HumanBench: Towards General Human-centric Perception with Projector Assisted Pretraining (2303.05675v1)

Published 10 Mar 2023 in cs.CV

Abstract: Human-centric perceptions include a variety of vision tasks, which have widespread industrial applications, including surveillance, autonomous driving, and the metaverse. It is desirable to have a general pretrain model for versatile human-centric downstream tasks. This paper forges ahead along this path from the aspects of both benchmark and pretraining methods. Specifically, we propose a \textbf{HumanBench} based on existing datasets to comprehensively evaluate on the common ground the generalization abilities of different pretraining methods on 19 datasets from 6 diverse downstream tasks, including person ReID, pose estimation, human parsing, pedestrian attribute recognition, pedestrian detection, and crowd counting. To learn both coarse-grained and fine-grained knowledge in human bodies, we further propose a \textbf{P}rojector \textbf{A}ssis\textbf{T}ed \textbf{H}ierarchical pretraining method (\textbf{PATH}) to learn diverse knowledge at different granularity levels. Comprehensive evaluations on HumanBench show that our PATH achieves new state-of-the-art results on 17 downstream datasets and on-par results on the other 2 datasets. The code will be publicly at \href{https://github.com/OpenGVLab/HumanBench}{https://github.com/OpenGVLab/HumanBench}.

Citations (25)

View on Semantic Scholar

Summary

The paper introduces PATH, a projector assisted hierarchical pre-training method that effectively improves model generalization across 19 datasets and 6 tasks.
It consolidates diverse human-centric data to reduce computational redundancies and lower deployment costs by enabling a universal pre-trained model.
Comprehensive evaluations reveal state-of-the-art performance on 17 out of 19 datasets, underscoring the practical impact of the proposed approach.

Overview of HumanBench: A Benchmark for Human-centric Perception with Projector Assisted Pretraining

The paper introduces HumanBench, a benchmark designed to address the complexities and evaluation of human-centric perception models across various vision tasks. It offers a comprehensive framework for pre-training and evaluating machine learning models on diverse datasets, specifically focusing on human-centric perception, which includes tasks such as person ReID, pose estimation, human parsing, pedestrian attribute recognition, pedestrian detection, and crowd counting.

HumanBench: Comprehensive Benchmark Design

HumanBench presents a methodical approach to evaluating the efficacy of pre-training models on 19 datasets from six distinct tasks. It focuses on assessing the generalization ability of these models, addressing a significant gap in machine learning research where human-centric tasks often remain isolated, resulting in computational redundancies and inflated deployment costs. HumanBench leverages large volumes of human-centric data, consolidating information across various datasets to facilitate the development of a universal pre-trained model applicable to multiple downstream tasks.

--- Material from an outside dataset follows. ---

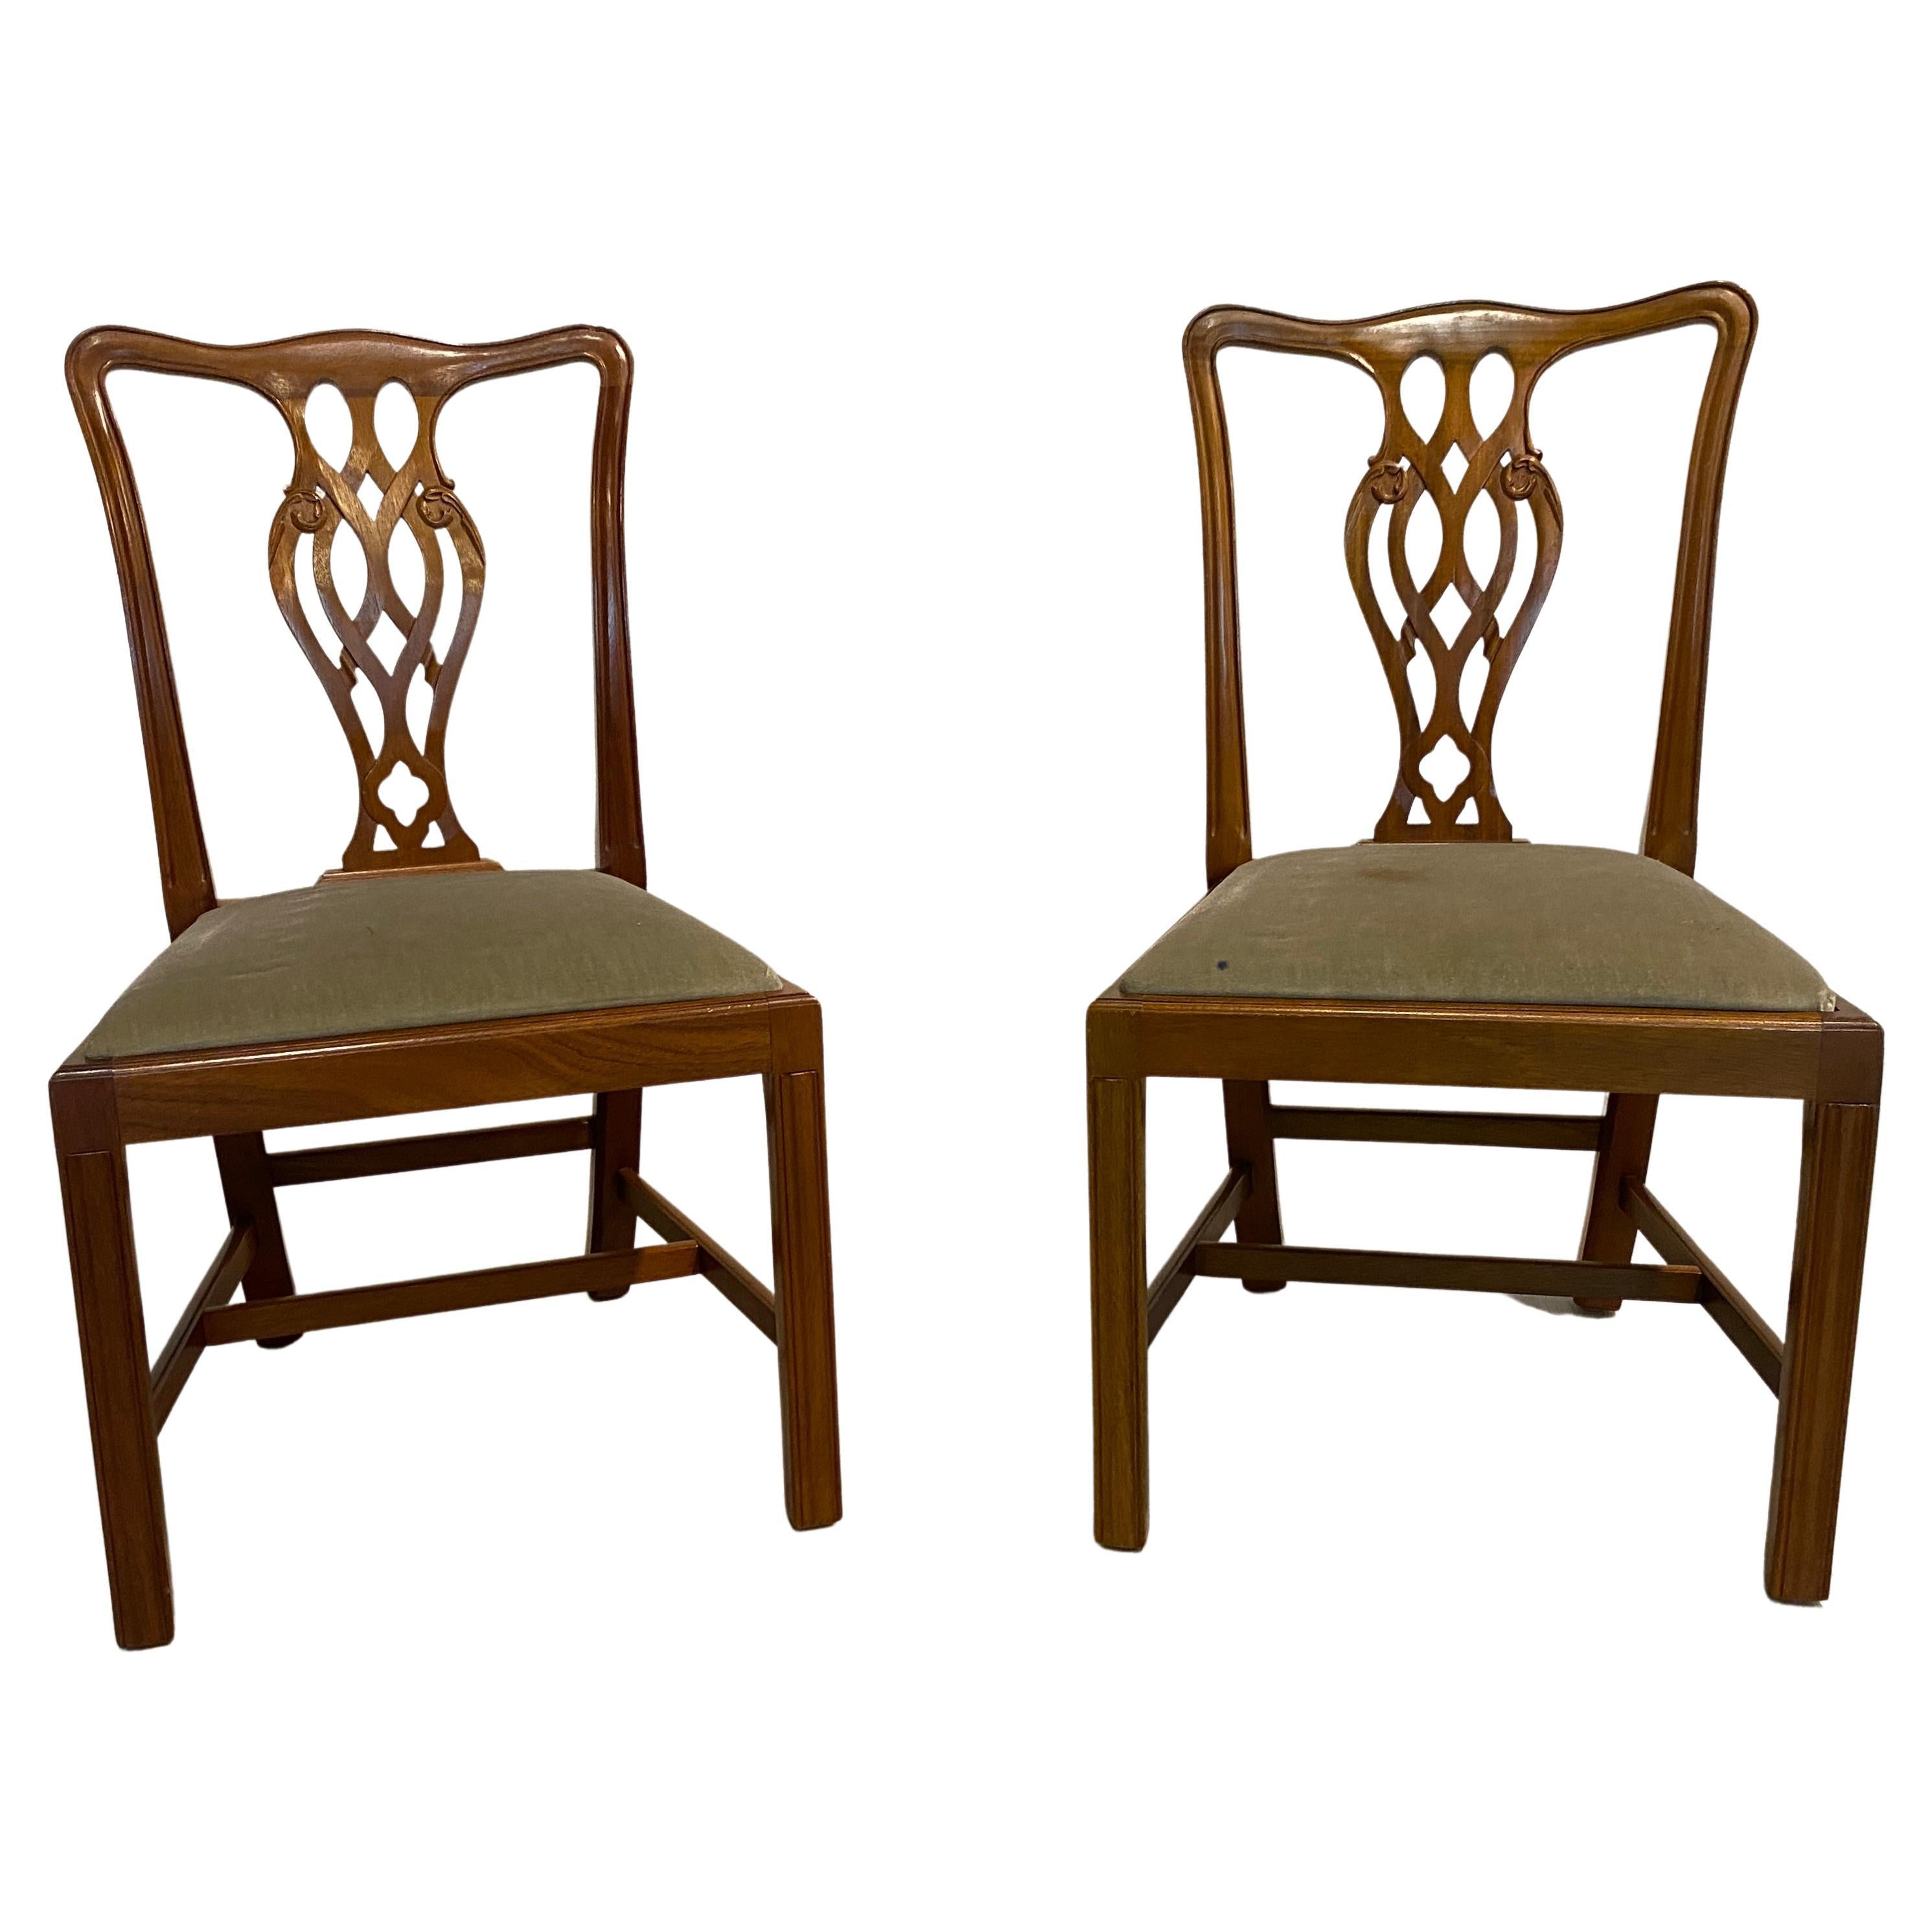 Esszimmerstühle, Mahagoni, georgianischer Stil, hergestellt in England, zwei Stühle ohne Armlehne

Projector Assisted Hierarchical Pretraining (PATH)

The paper introduces PATH, a pre-training methodology which leverages hierarchical weight sharing with task-specific projectors to effectively capture multi-scale human-centric features. This method innovatively organizes weight sharing across task-specific and dataset-specific domains, thereby minimizing task conflicts—a common issue in multidisciplinary pre-training models. PATH notably excels by learning both coarse-grained and fine-grained human-centric information, improving the model's adaptability to diverse downstream applications.

Numerical Results and State-of-the-art Achievements

Comprehensive evaluations indicate that PATH achieves new state-of-the-art performance in 17 out of 19 downstream datasets and maintains competitive performance in the remaining tasks. These outcomes highlight the model's superior capability in extracting relevant features for human-centric perception tasks. Such results are significant, demonstrating how the model outperforms existing pre-trained models such as MAE and CLIP, particularly in contexts where human-centric features are paramount.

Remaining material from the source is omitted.